> _Data provided_:
%%
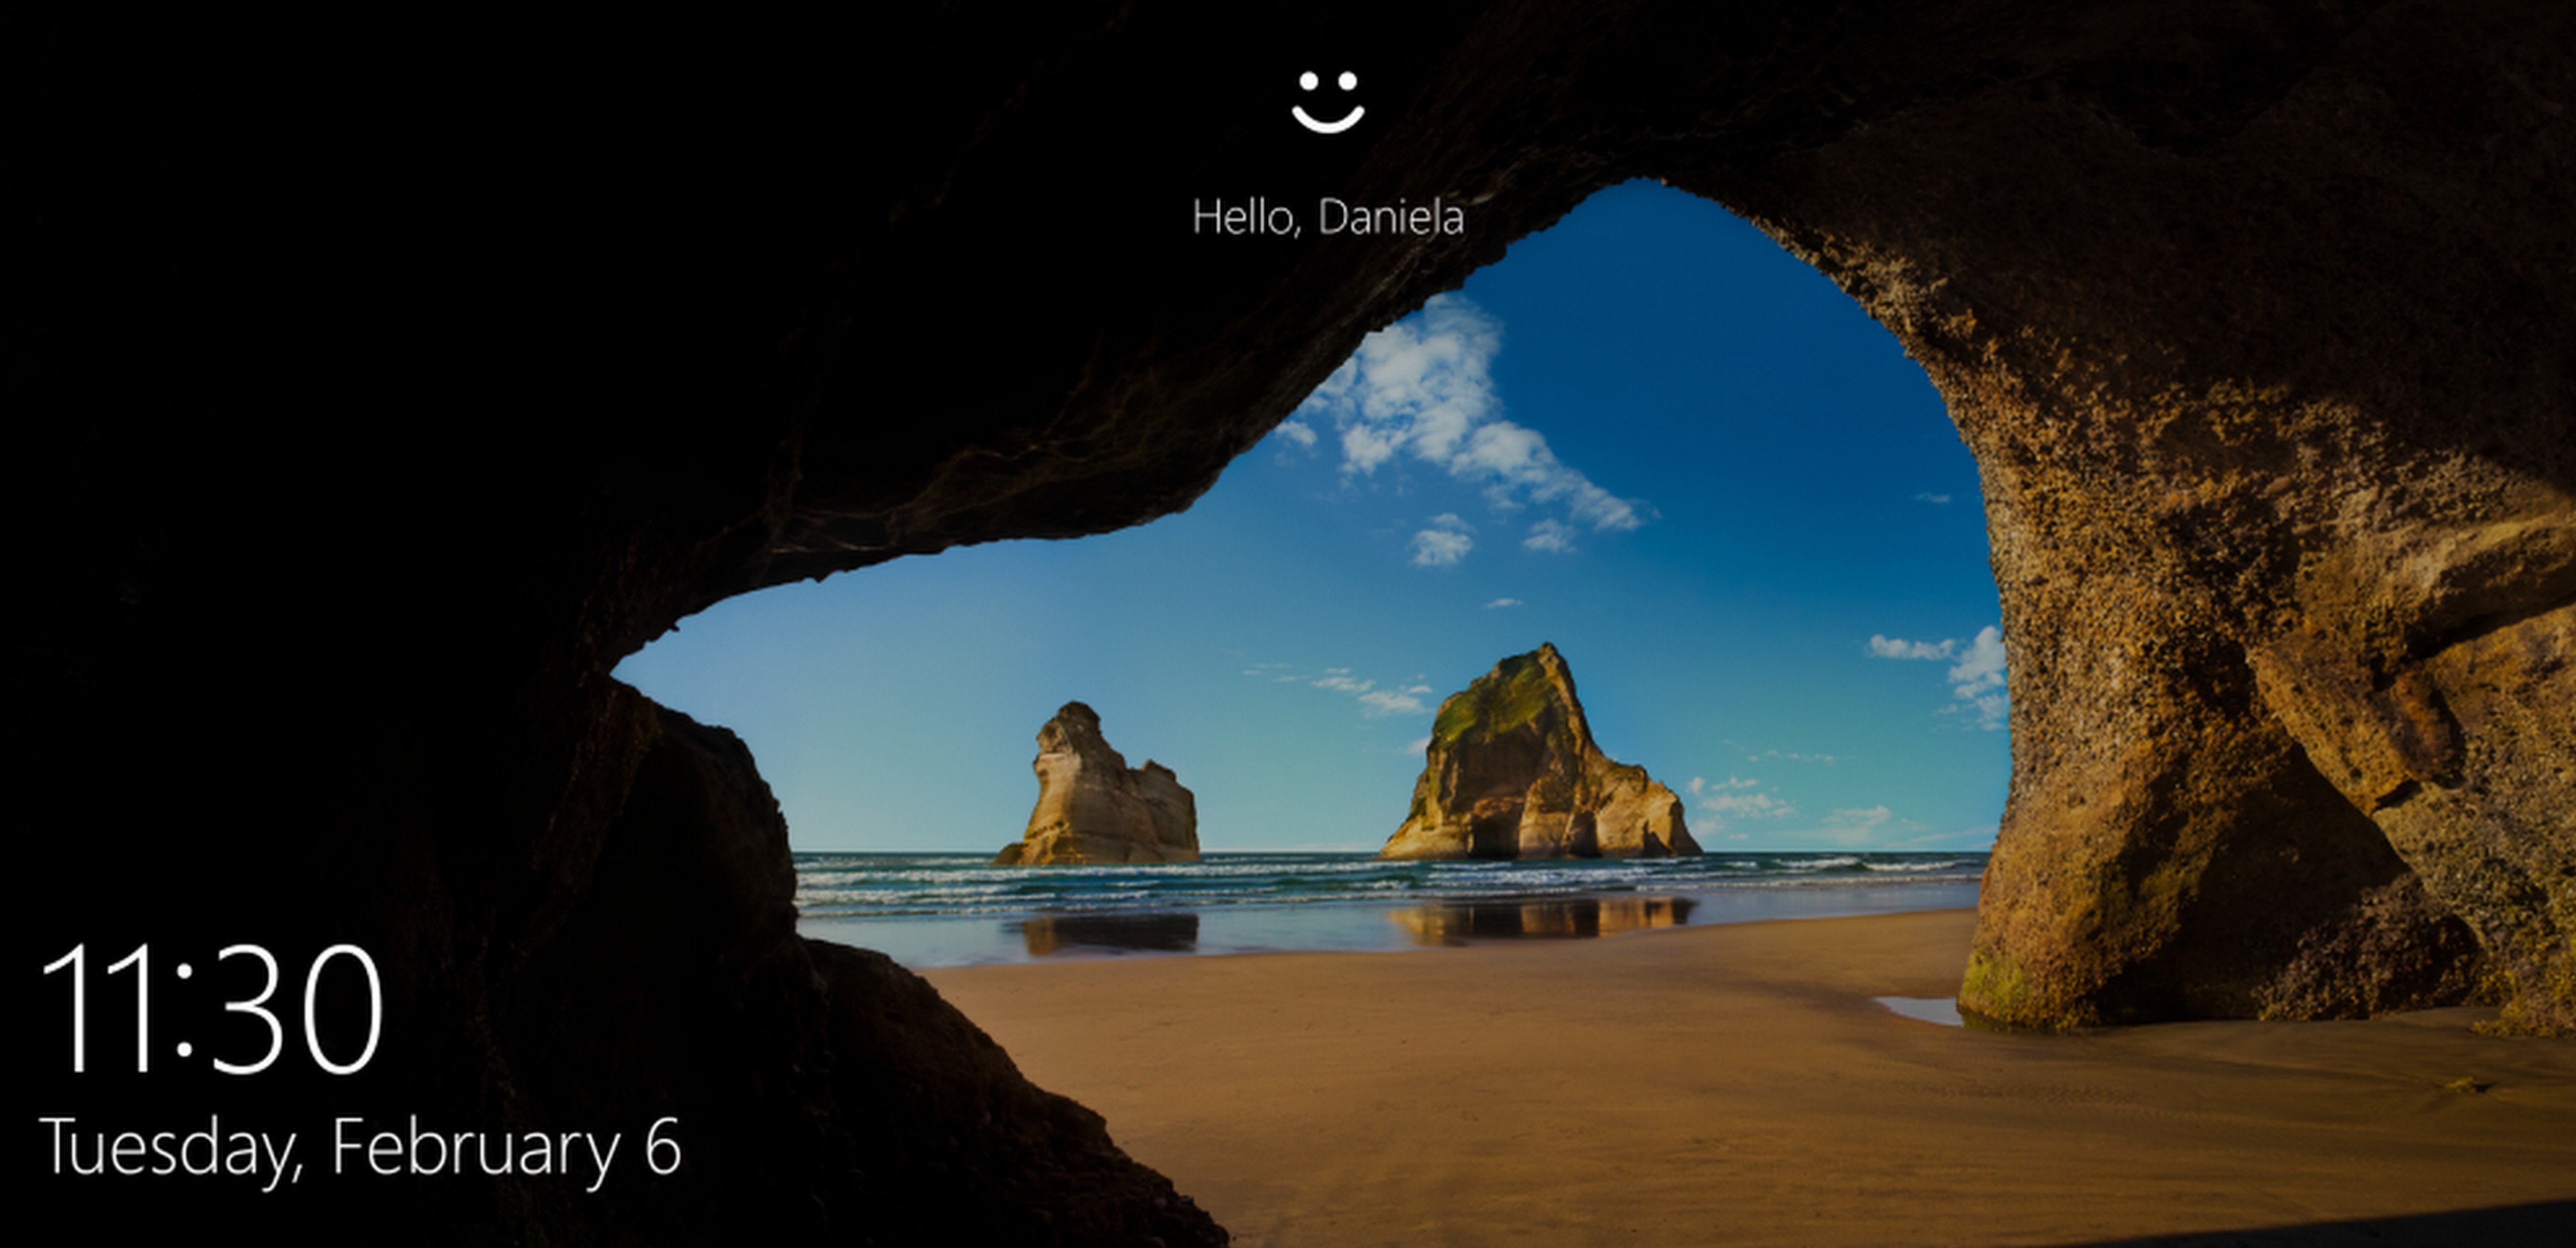 Windows 10 lockscreen with Windows Hello showing
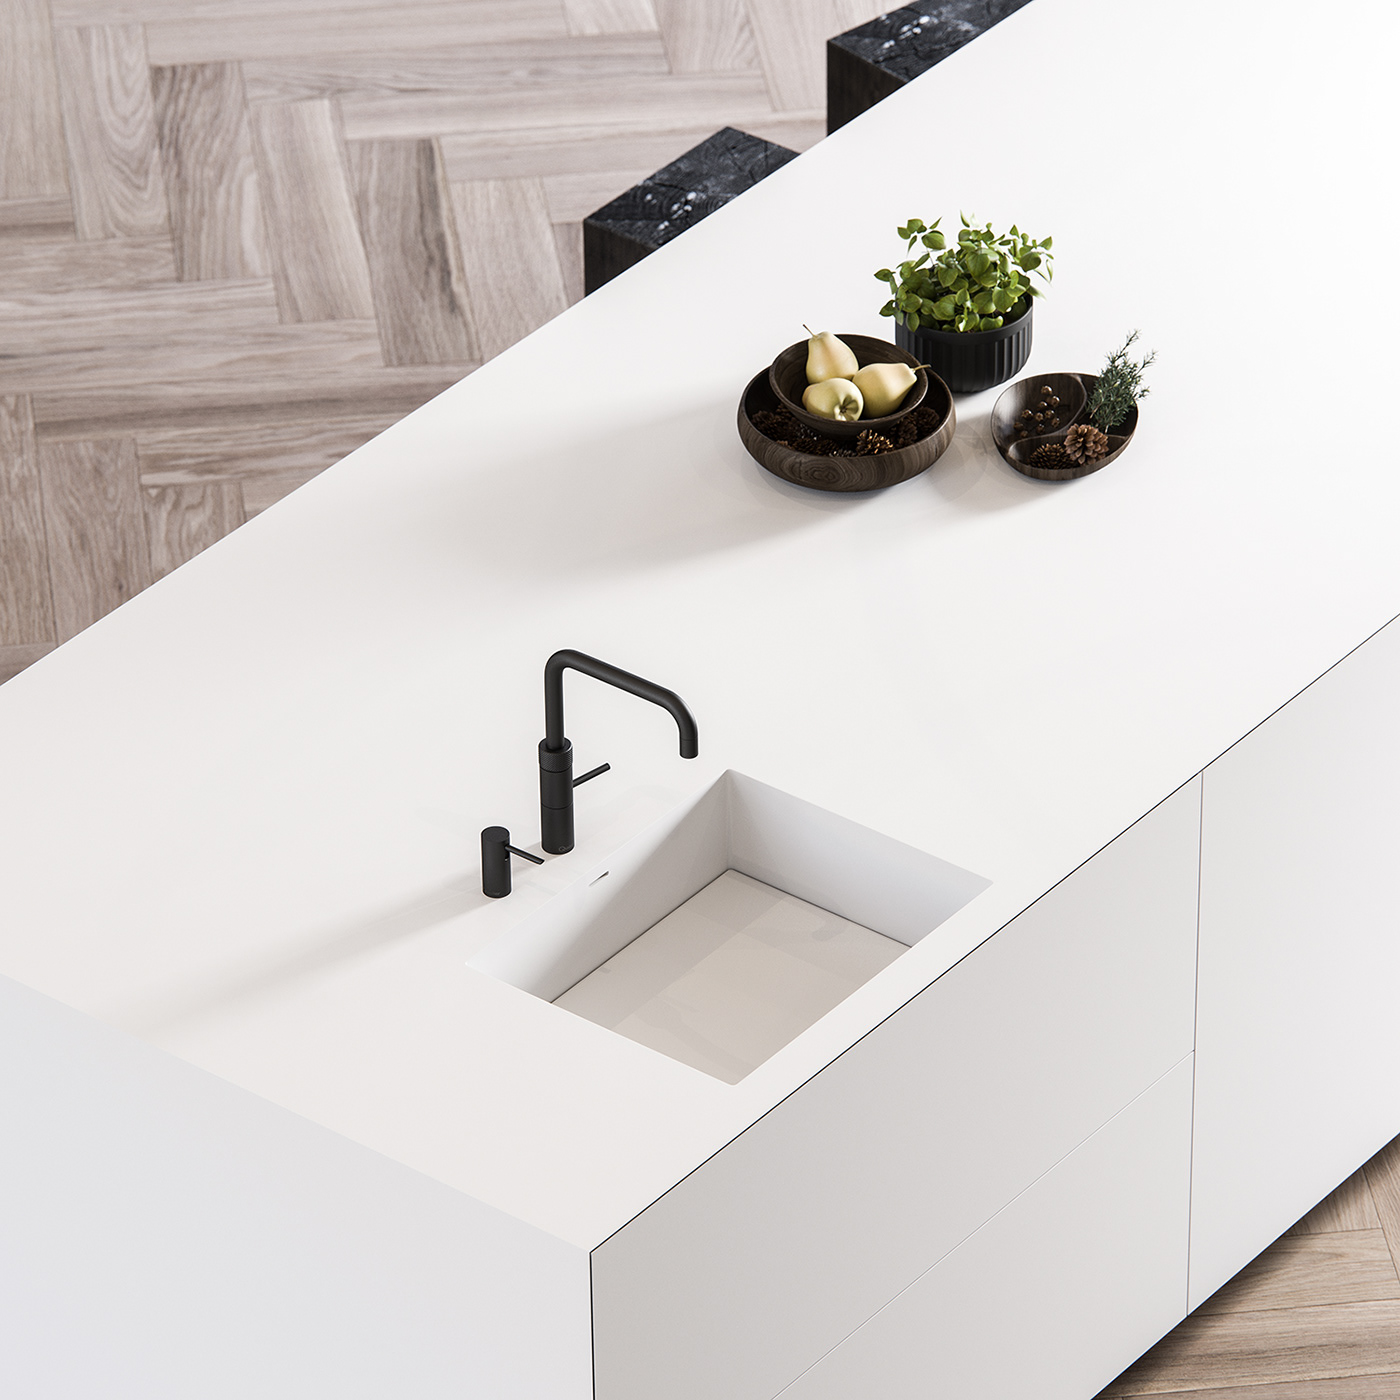 Interior design kitchen minimalist modern product visualization electronic appliance arch viz
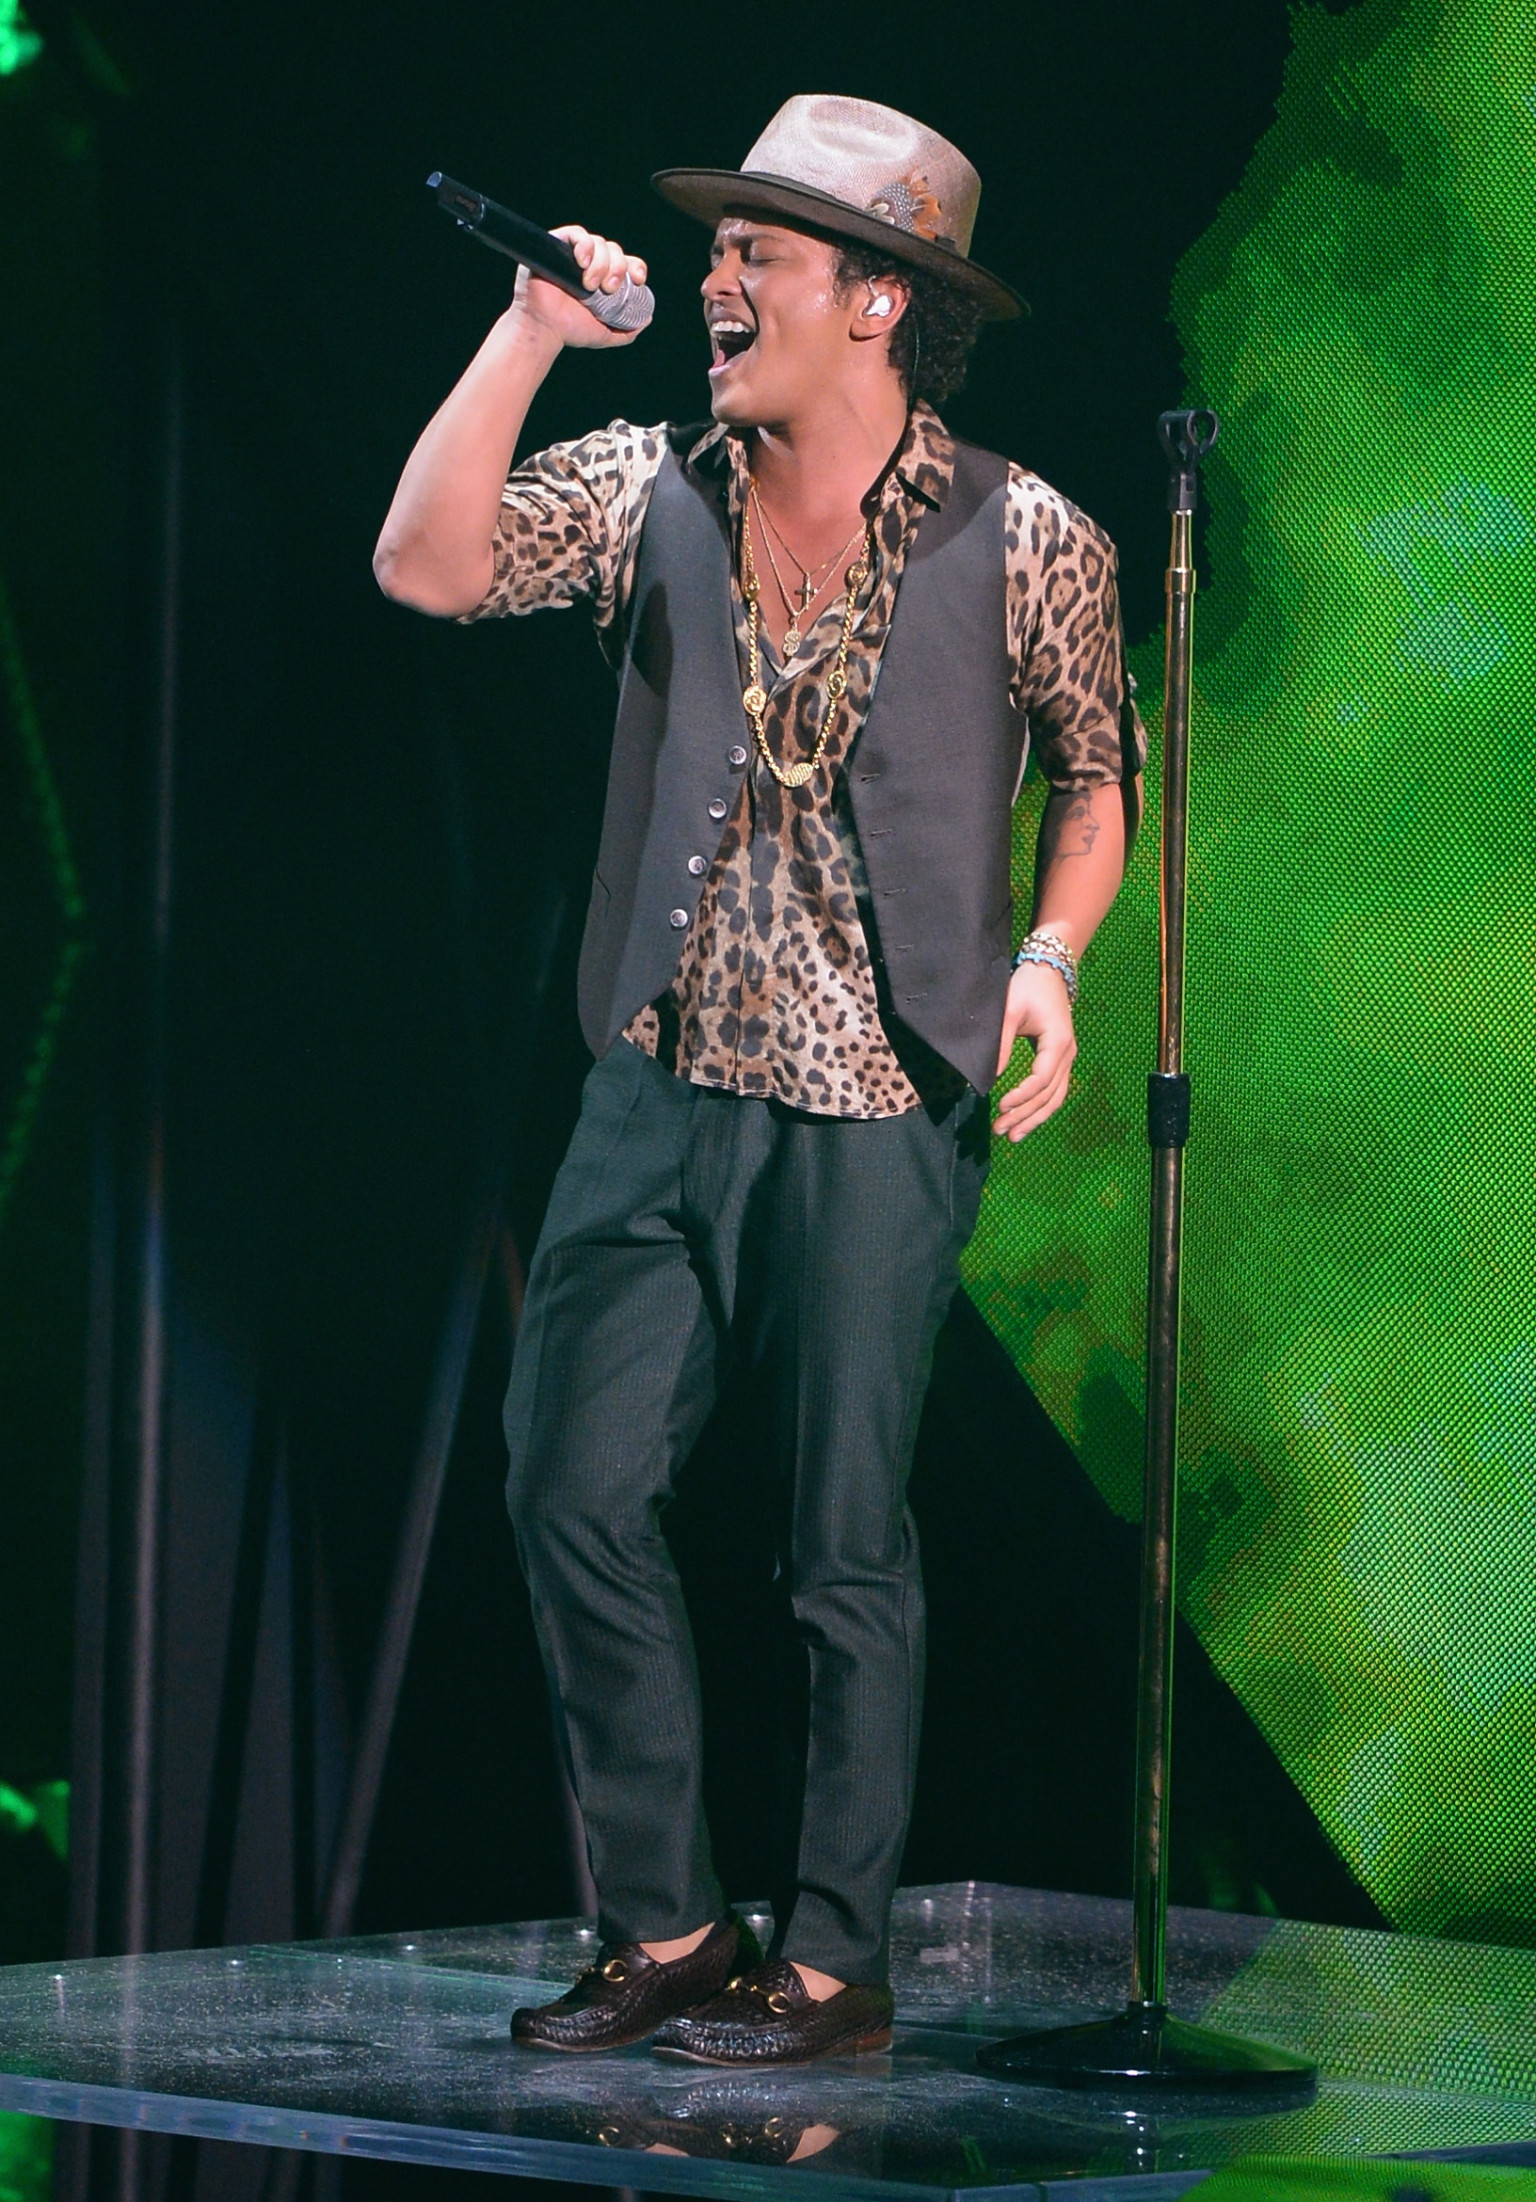 Best Male Video VMA: Bruno Mars Wins Moon Man At 2013 Video Music Awards
%%
> _Exercise_:
Drop the pictures, then transcribe the lines from the one containing "Interior design kitchen" to the end of the data above, exactly and nothing more.

> _Answer box_:
 Interior design kitchen minimalist modern product visualization electronic appliance arch viz
 Best Male Video VMA: Bruno Mars Wins Moon Man At 2013 Video Music Awards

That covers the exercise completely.